DIRECTIONS FOR THIS TASK ->
Leaving the pictures aside, repeat each line below exactly.

** Opening RECORDED DATA block **

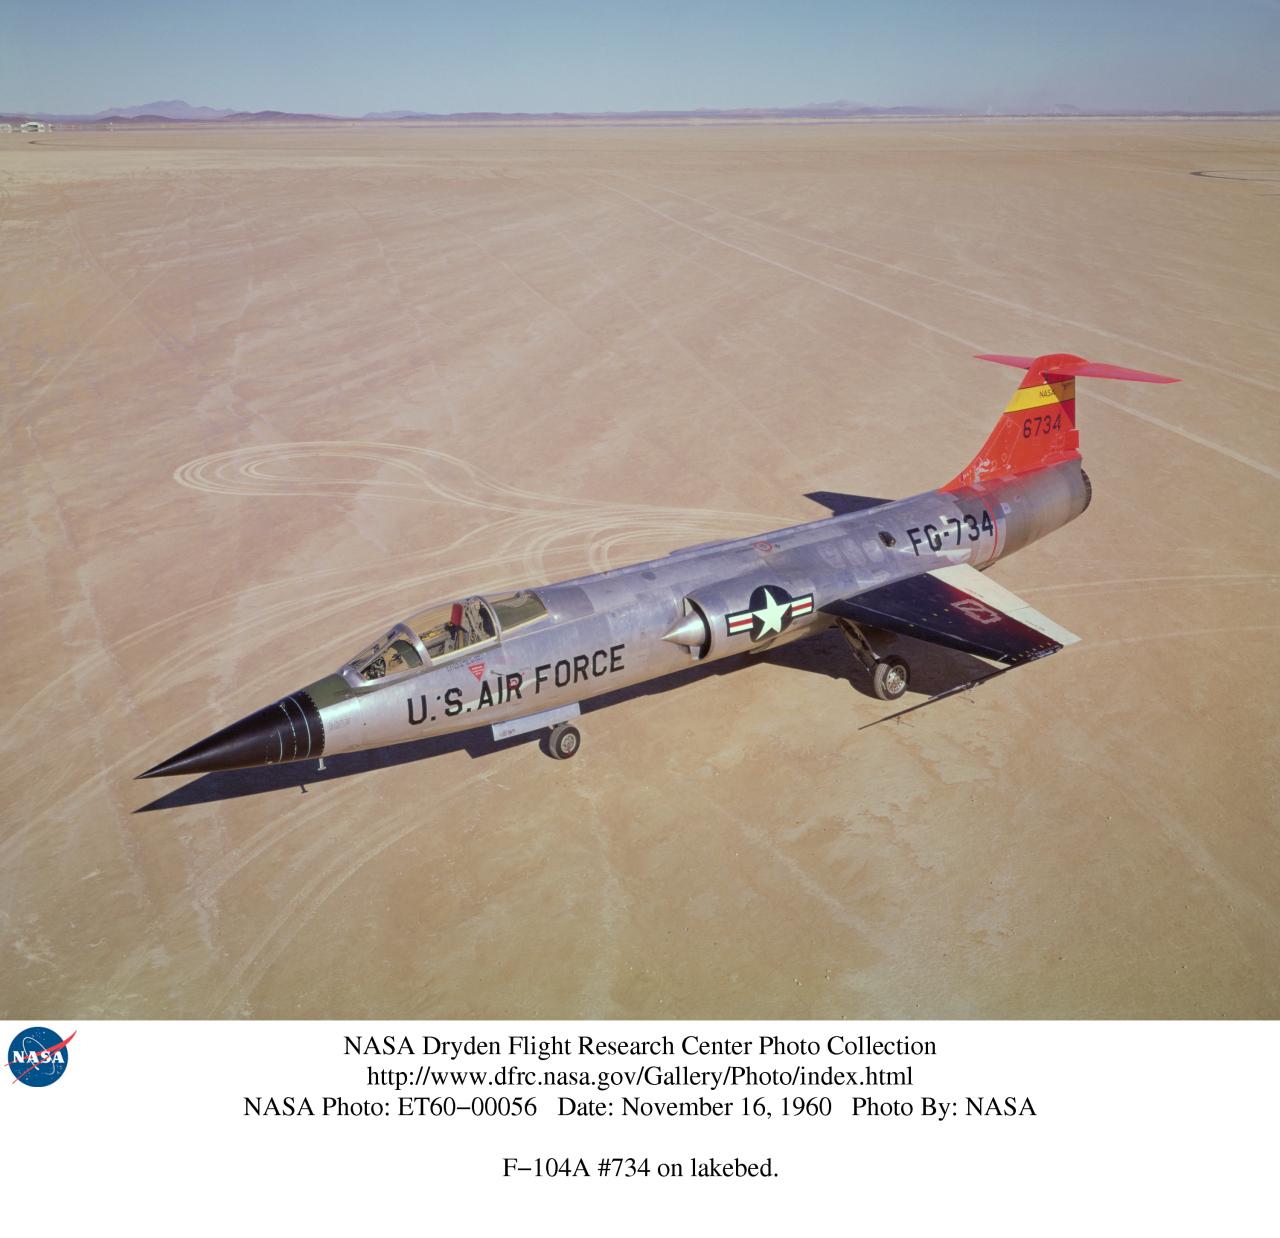 nasa f-104a - photo #8
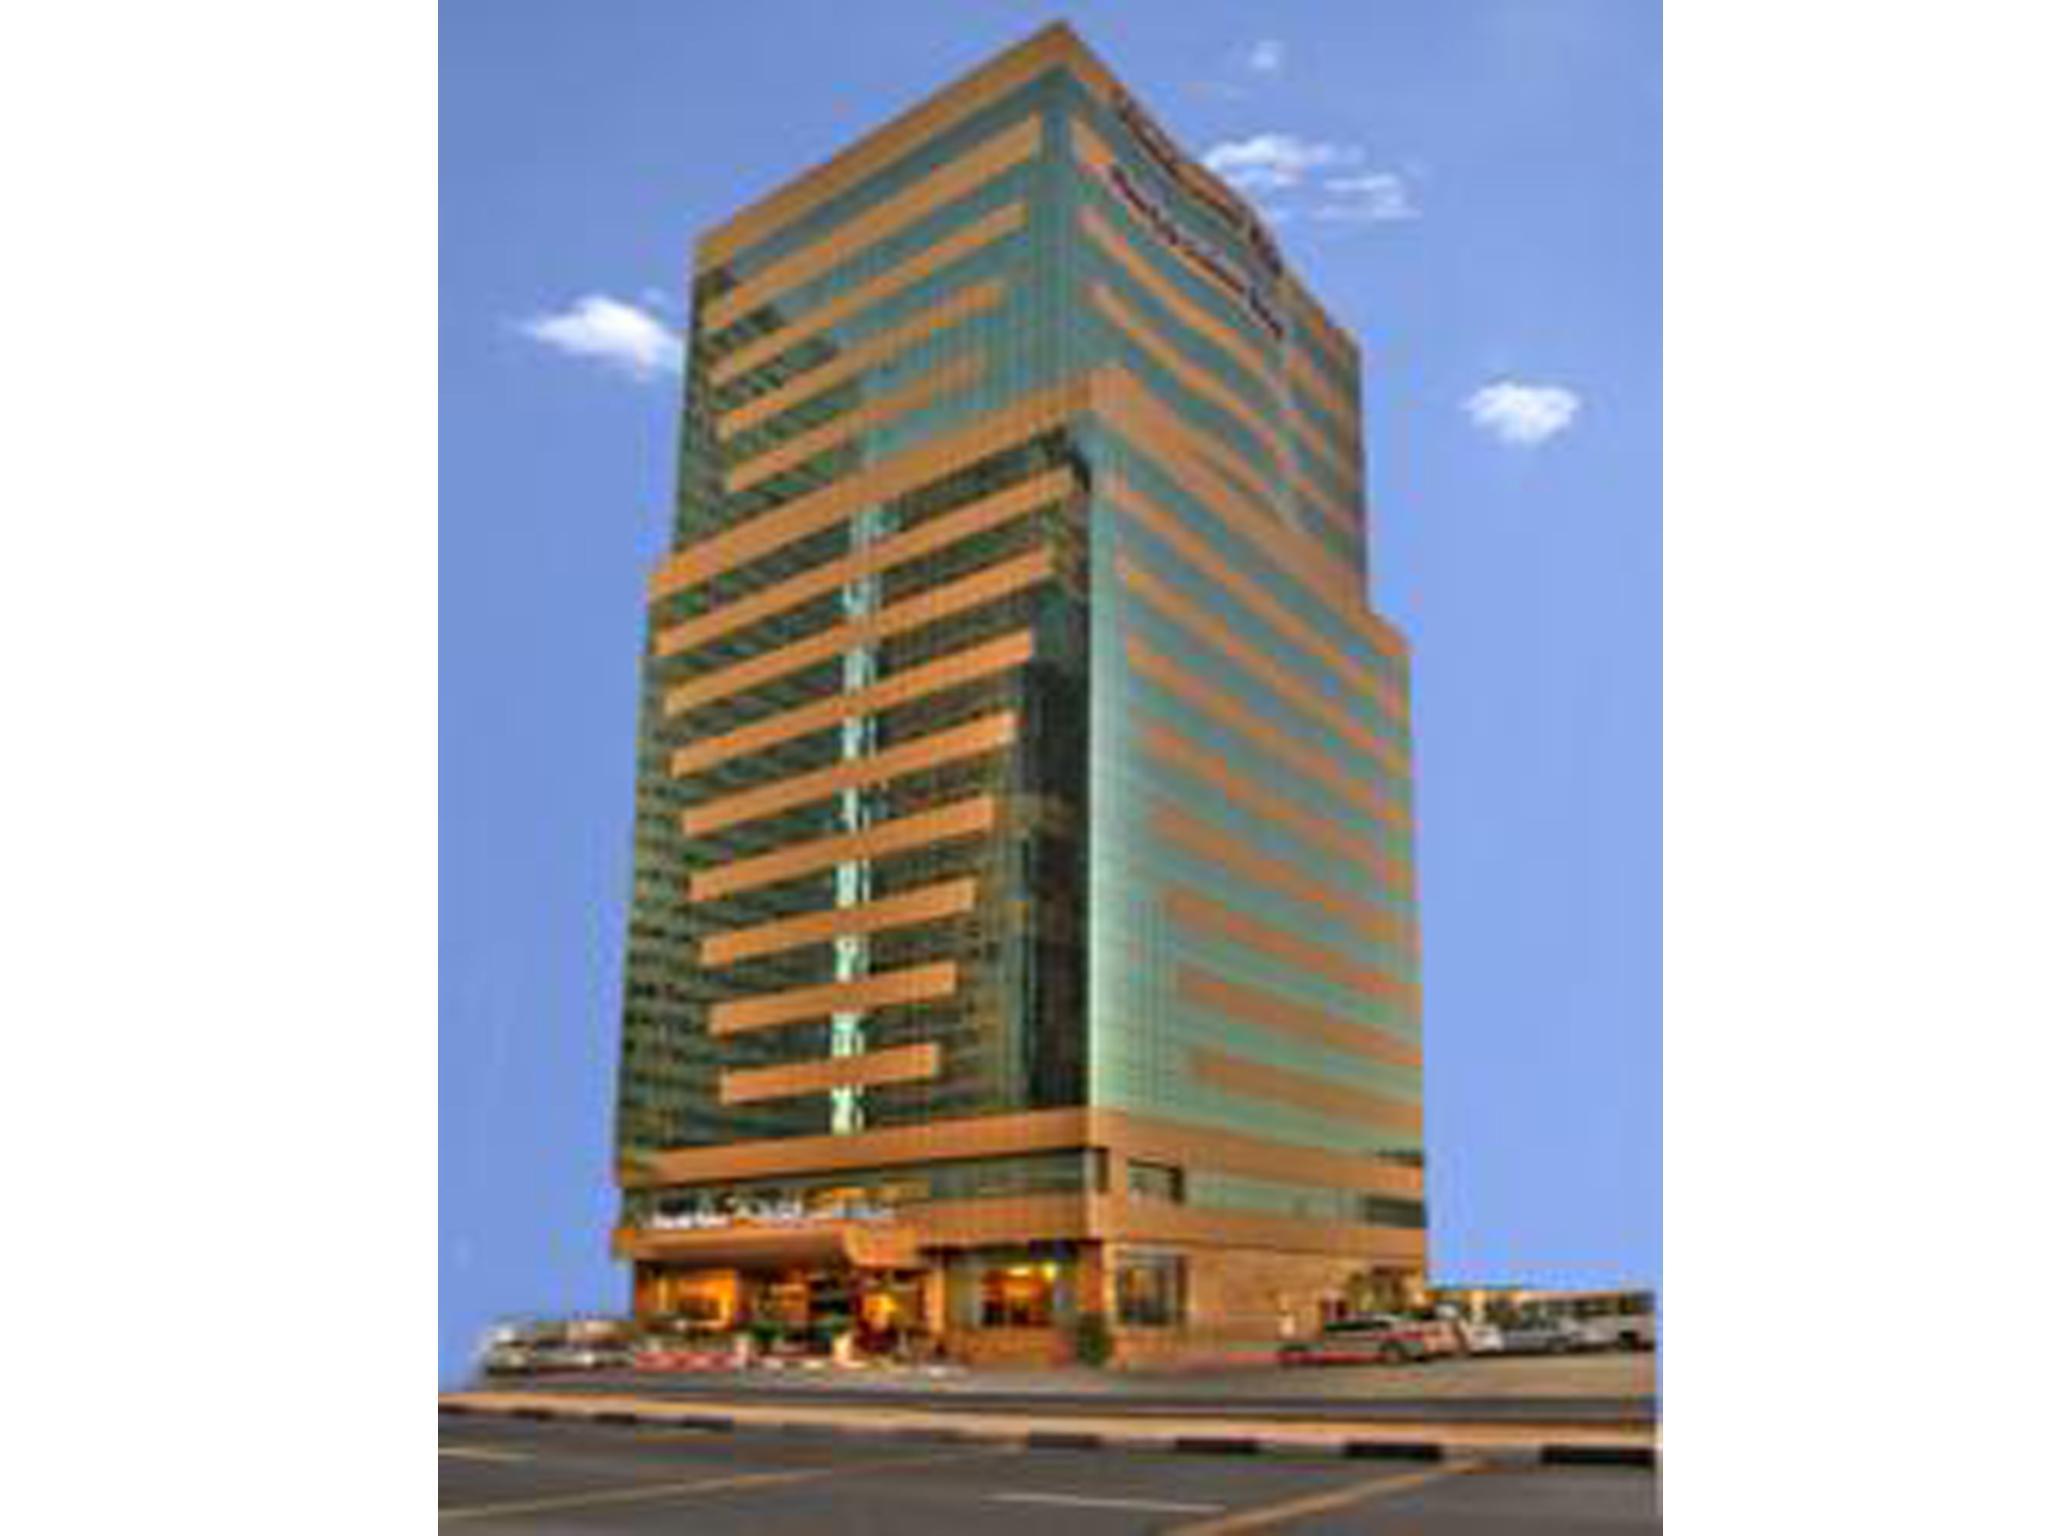 Hotel Copthorne Hotel 4 Sharjah UAE, Sharjah: photos and reviews 94
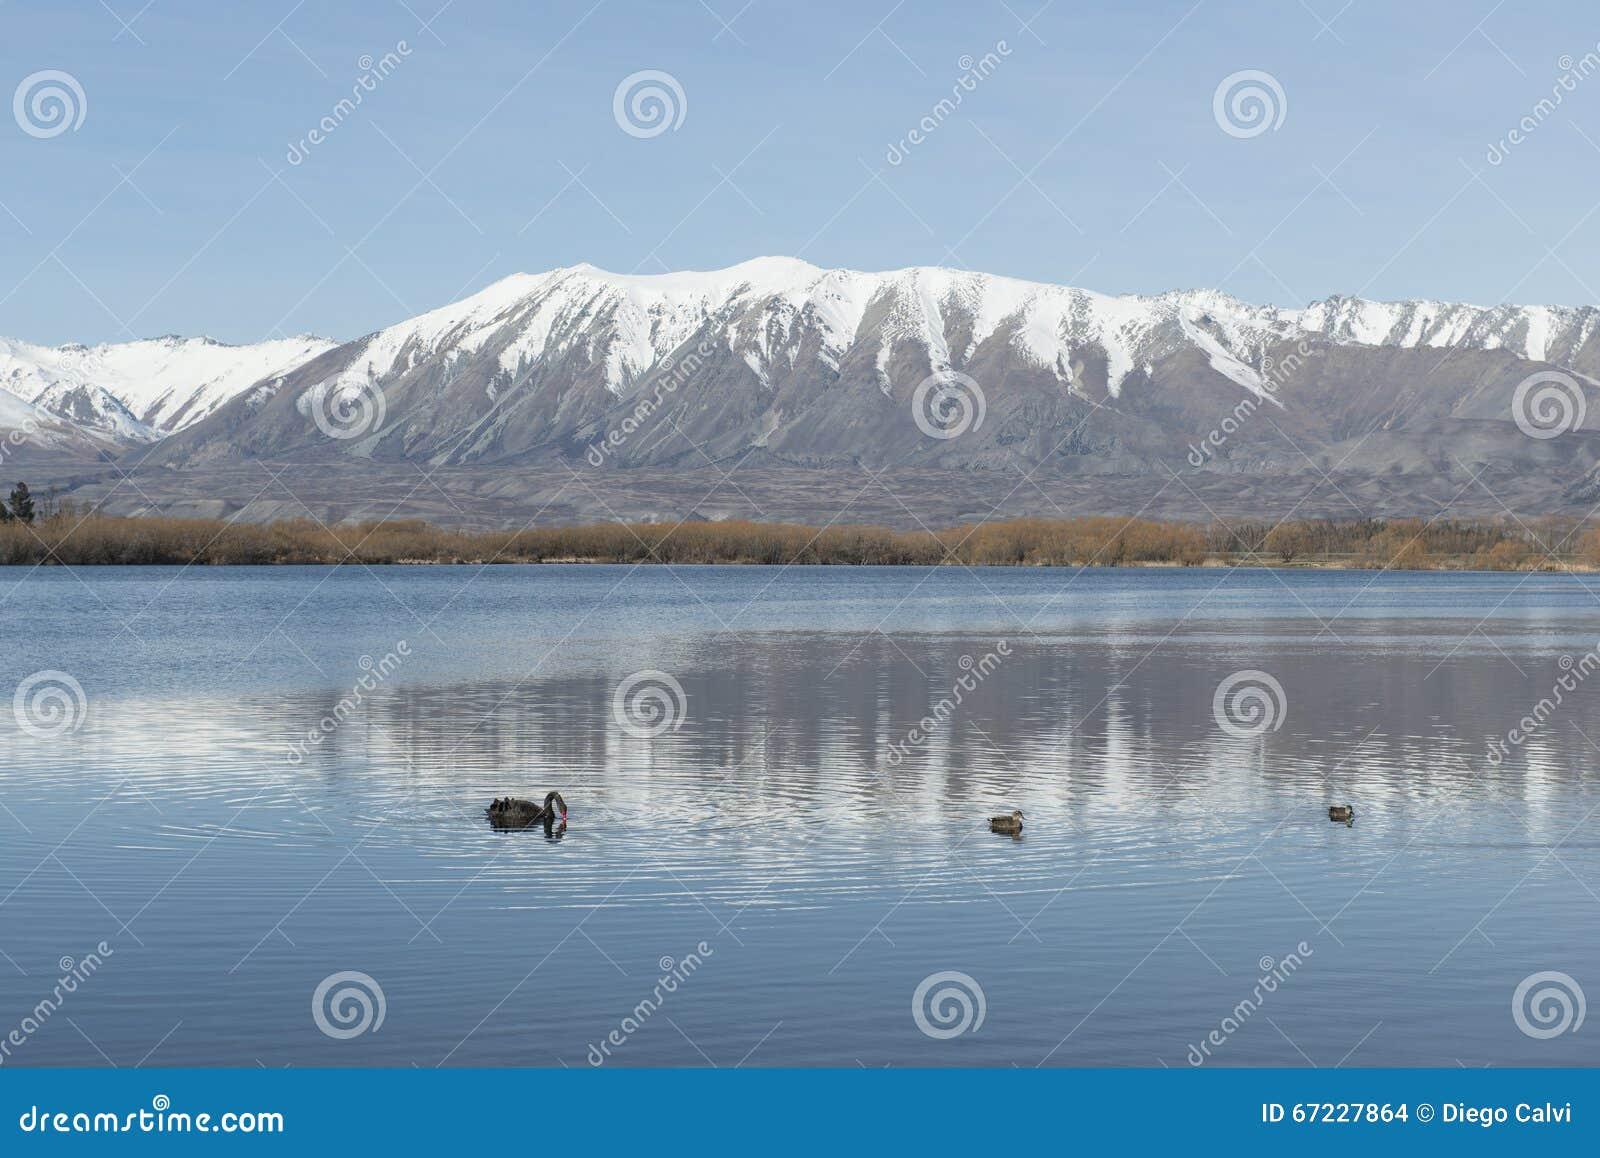 Canoe New Zealand South Island

** Closing RECORDED DATA block **

ANSWER BOX ->
 nasa f-104a - photo #8
 Hotel Copthorne Hotel 4 Sharjah UAE, Sharjah: photos and reviews 94
 Canoe New Zealand South Island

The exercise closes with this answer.